Bill Cosby: laughs but no jokes, and far from finished
It was 30 years ago when he last filmed a concert special.
It was 30 years ago when he last filmed a concert special.
Now he's gone and done it again. "Bill Cosby: Far From Finished" finds this king of comedy onstage in Cerritos, Calif., where he rules for the 90-minute special airing Saturday on Comedy Central (8 p.m. EST).
Still, it's fair to ask: Why so long a break, and why now for his return?
"There's a gap," says Cosby during an interview this week, "between people knowing what I do and really believing that I still do that - and wondering what it is I really do."
This audience-awareness gap, he believes, is among the younger demo drawn to Comedy Central.
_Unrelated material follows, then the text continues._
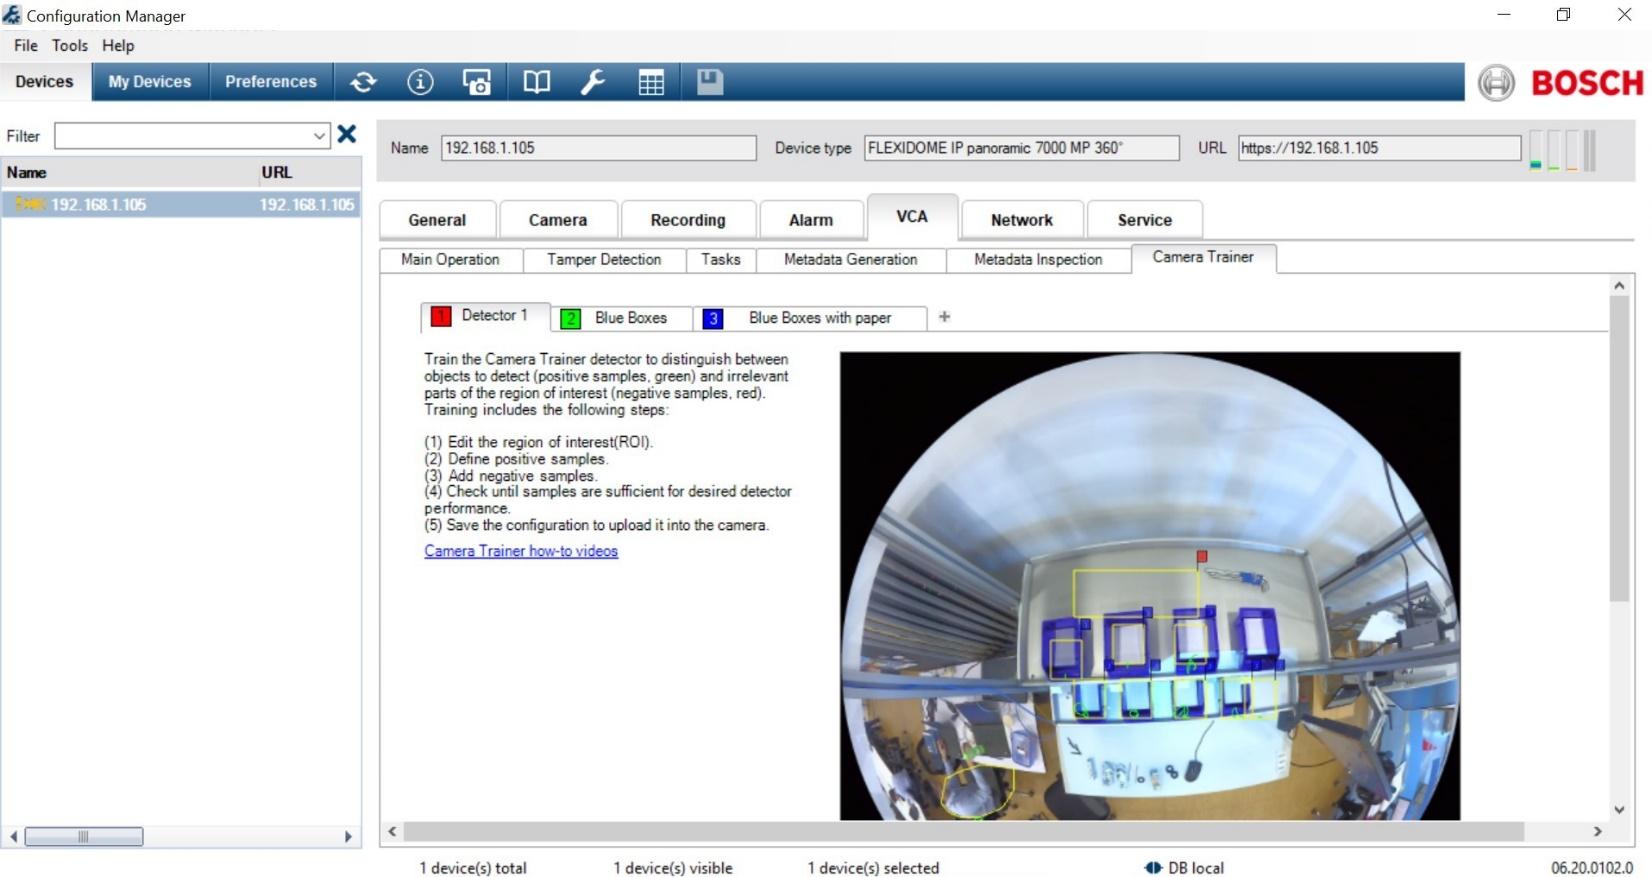 Bosch Camera Trainer 14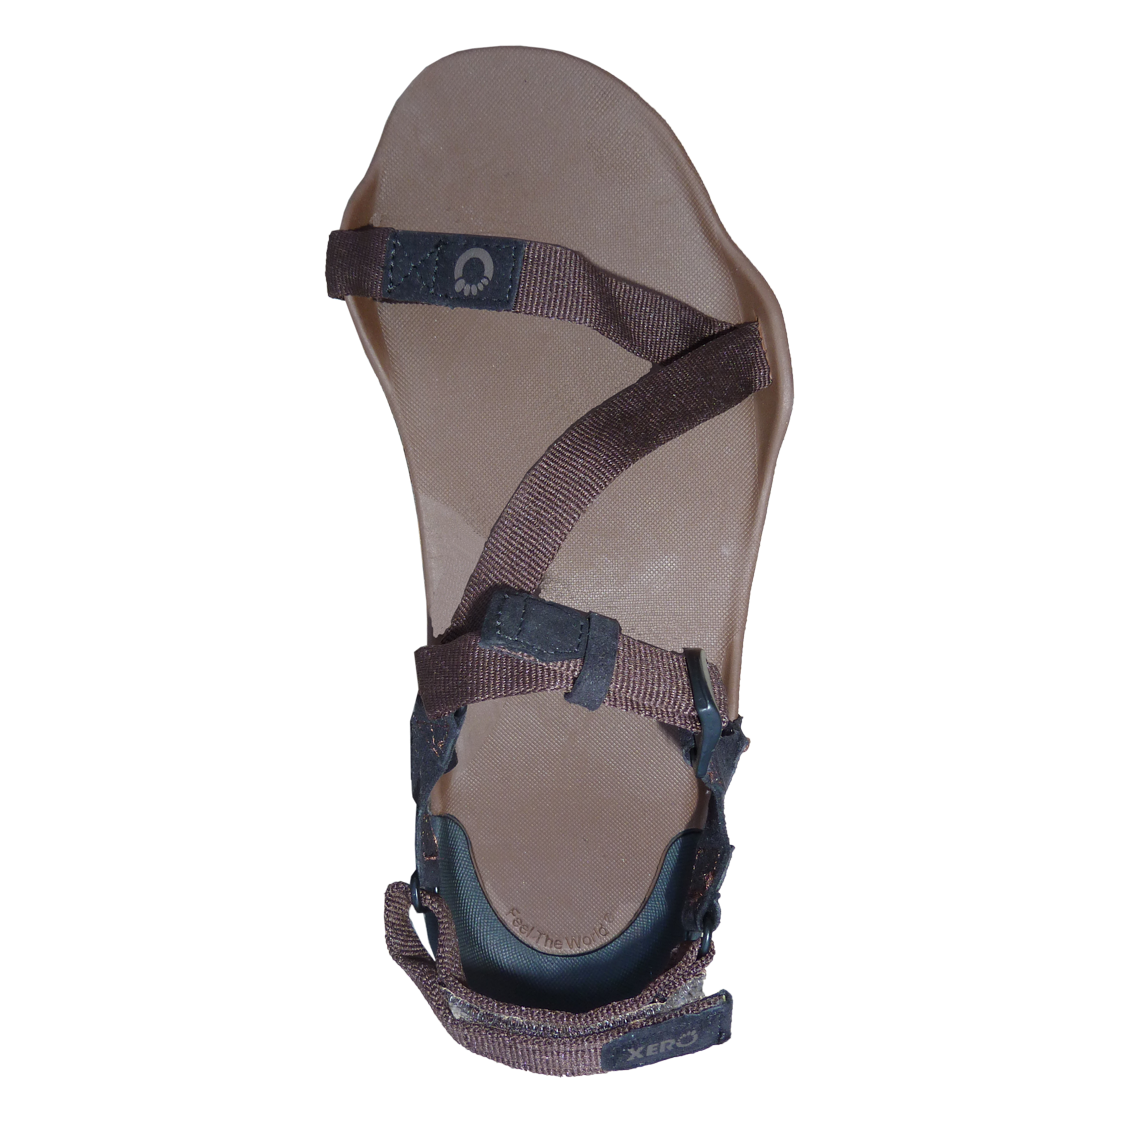 Cool Xero Shoes Amuri ZTrek Lightweight Sport Sandal  Men  EBay

He aims to school those viewers in the principle established by his 1963 debut album: "Bill Cosby Is a Very Funny Fellow ... Right!"
Since the early 1960s, Cosby has had a stellar career, including records, books, films and social advocacy. And, of course, television, where he broke the color barrier in the first of his many series, "I Spy," in the '60s, and scored stratospheric success with "The Cosby Show" (1984-92).
Now, at age 76, he keeps up a busy itinerary doing the thing that got him started: being onstage saying things all sorts of people find funny and true.
So, another question: Why keep up this grueling pace?
"I don't do anything," he contends in his meandering style. "I go to the airport and people come up to me while we're waiting for the flight: 'May I take a picture?' Click, click."
And then, just like that (or he would have you believe), he takes the stage somewhere and it's showtime.
"I take a bow. I grab the mic and I begin to put it on. And we're in show business! It is wonderful and I just enjoy it!"
On his new special, as always, Cosby frames life in universal terms, albeit now from the perspective of a septuagenarian with a solid if sometimes trying marriage, plus kids and grandkids, a sweet tooth he shouldn't indulge, and a habit of losing things.
"I'm telling you now, I'm not afraid to say it, I lost my key," he tells the audience with leisurely yet manicured pacing: "It was given to me. I lost my key to the house. That was 48 years ago. I don't have a key."
The audience eats it up, rewarding Cosby, he says, with "a sense of how much they understand and trust" him.
"With that, it raises the self-esteem," he goes on, as if at this phase of his storied career self-esteem were ever at issue, "and I am now driving as a coachman would, with some horses that can really moooove out.
"But you don't want to go TOO fast," he cautions, "because you have the carriage you're on, the wheels, the balance."
Meanwhile, what you don't have, if you're Cosby, is jokes.
"NO jokes! I tell stories," he declares. "Because I believe you can do things that joke tellers can't do, and that is, bring your audience along."
That's what he discovered at Temple University in 1960, when, as a lad from a downtrodden Philly neighborhood, he rose to the challenge of his Remedial English professor. The assignment was to write a theme about the first time he'd ever done something. Cosby wrote an account of having pulled one of his own teeth. The professor gave him his first-ever A.
Not too much later, Cosby had vaulted to New York's Greenwich Village as a burgeoning stand-up. He speaks of consorting with the likes of Richie Havens, Richard Pryor and Peter, Paul and Mary - "people who were going to be somebody someday."
He landed a gig at a club on MacDougal Street "where I came on at 8 and left at 4 in the morning, and my job description was to break up the monotony of the folk singers.
"And over the club," he goes on, savoring the memory, "was a store that sold very cheap beads, things like that, and was run by a retired ventriloquist, an alcoholic. The story on him was, he had become jealous of his dummy and one night, in a drunken rage, he shot the dummy, then retired." Cosby is wearing a mischievous grin. "I'm serious!"
Soon he was a star, having soared after making a key decision as he surveyed other rising black comedians, who typically tailored their acts to their identity and experiences as black men.
"I figured, if Godfrey Cambridge does this, if Dick Gregory does this, there's no need for ALL of us to do it," Cosby says. "So I decided a very simple thing: I'm not going to tell you what color I am. If you're unsighted, your friends will tell you!"
But whatever your color, "you can identify with what I'm talking about. It goes all the way back to freshman Remedial English: I never said, 'And I looked at my black face and my tooth was white.'"
Cosby chuckles again at that messy self-extraction and adds, "There WAS a lot of red."